Date: 2/3/2012 3:24 pm

Louis J. Guillette Jr., Ph.D., a renowned expert in environmental toxicology and a reproductive biologist, will be the Joy Goodwin Distinguished Lecturer at the Auburn University College of Veterinary Medicine on March 8. Guillette’s research presentation, “Contaminants and the Developing Ovary: Lessons for Human Health, will be at 11 a.m. in 230 Greene Hall.  He will present the distinguished lecture, “Wildlife as Sentinels of Human Health,” at 4 p.m. in Overton Auditorium.


Guillette is professor of obstetrics and gynecology at the Howard Hughes Medical Institute and holds an endowed chair in Marine Genomics at South Carolina’s Centers for Economic Excellence at the Medical University of South Carolina.

Internationally recognized for his research on the impact of toxic chemicals on the reproductive systems of alligators and other wildlife, Guillette is a pioneer in exhibiting how wildlife can function as sentinels for adverse environmental contaminant exposure.
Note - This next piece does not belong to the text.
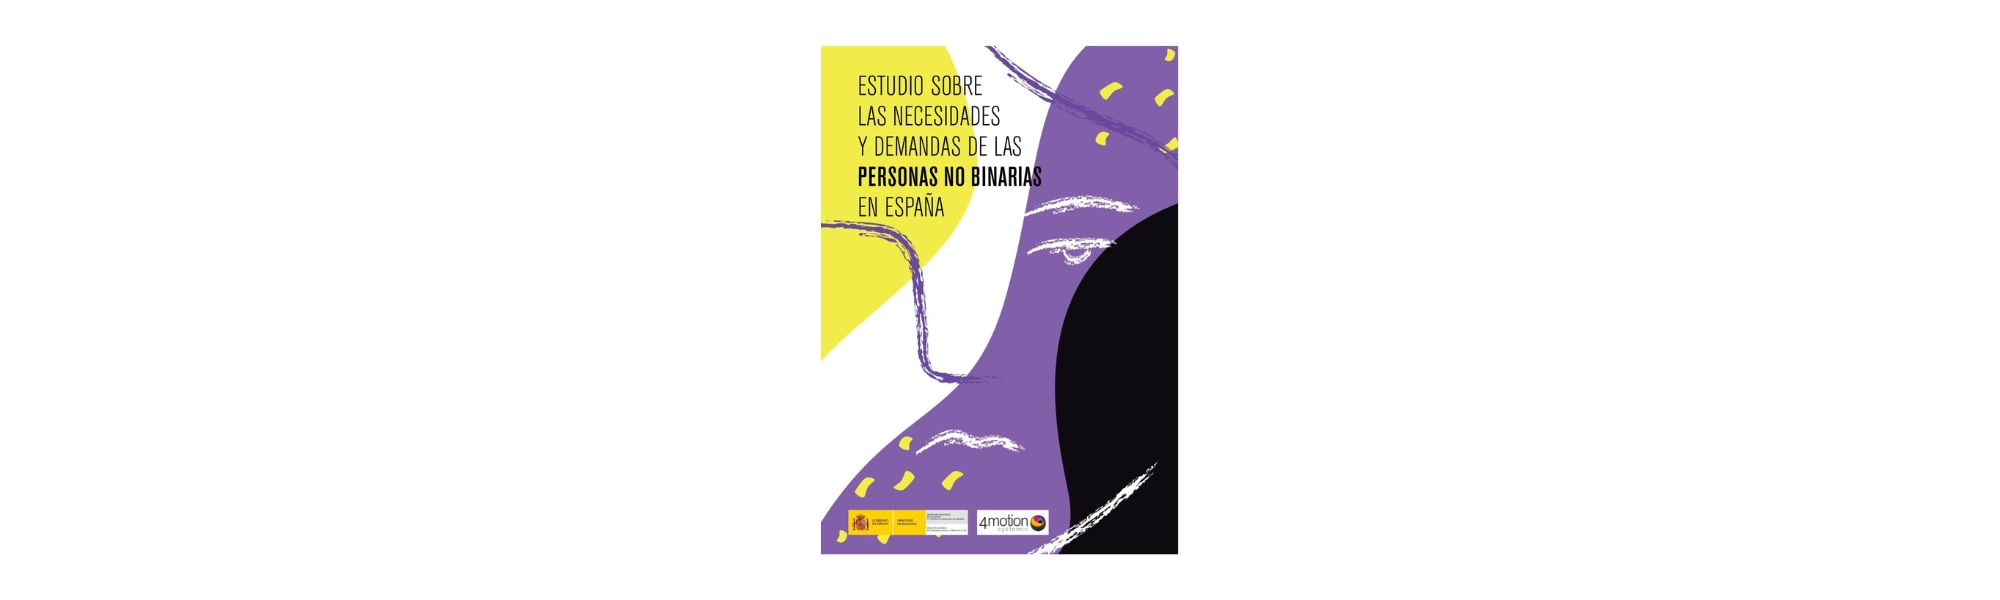 Igualdad presenta el «Estudio sobre las necesidades y demandas de las personas no binarias en España»

He is a leader in the field of hormone disruption, which has emerged as a major public health threat over the past two decades. Guillette has researched environmental estrogens for years, believing they could be responsible for dropping population levels and reproductive abnormalities in wildlife living in the waters of Florida. In the late 1980s, he and his team discovered that DDT and other chemicals in Lake Apopka in Florida were creating ovarian and genital abnormalities by manipulating hormones. Later, he demonstrated that even low-level exposures to one or multiple environmental contaminants during critical periods of fetal development can have long-lasting health implications.

His research raised red flags about what potential impacts chemicals may also have on human reproductive health, especially as other researchers have shown that sperm counts have dropped and testicular cancer is on the rise. Guillette’s studies demonstrate that there is a direct link between environmental chemicals and male and female reproductive health.  In 2011 he received a $100,000 Heinz Award for his research.

Guillette is hosted by Benson T. Akingbemi, an associate professor in the College of Veterinary Medicine.  Akingbemi studies the effects of environmental toxicants on male reproductive tract development and function. His study of the toxicity of soy-based diets is funded by the NIH.


The mission of the Auburn University College of Veterinary Medicine is to prepare individuals for careers of excellence in veterinary medicine. The college provides programs of instruction, research, outreach, and service that are in the best interests of the citizens of the state of Alabama, the region, the nation, and the world.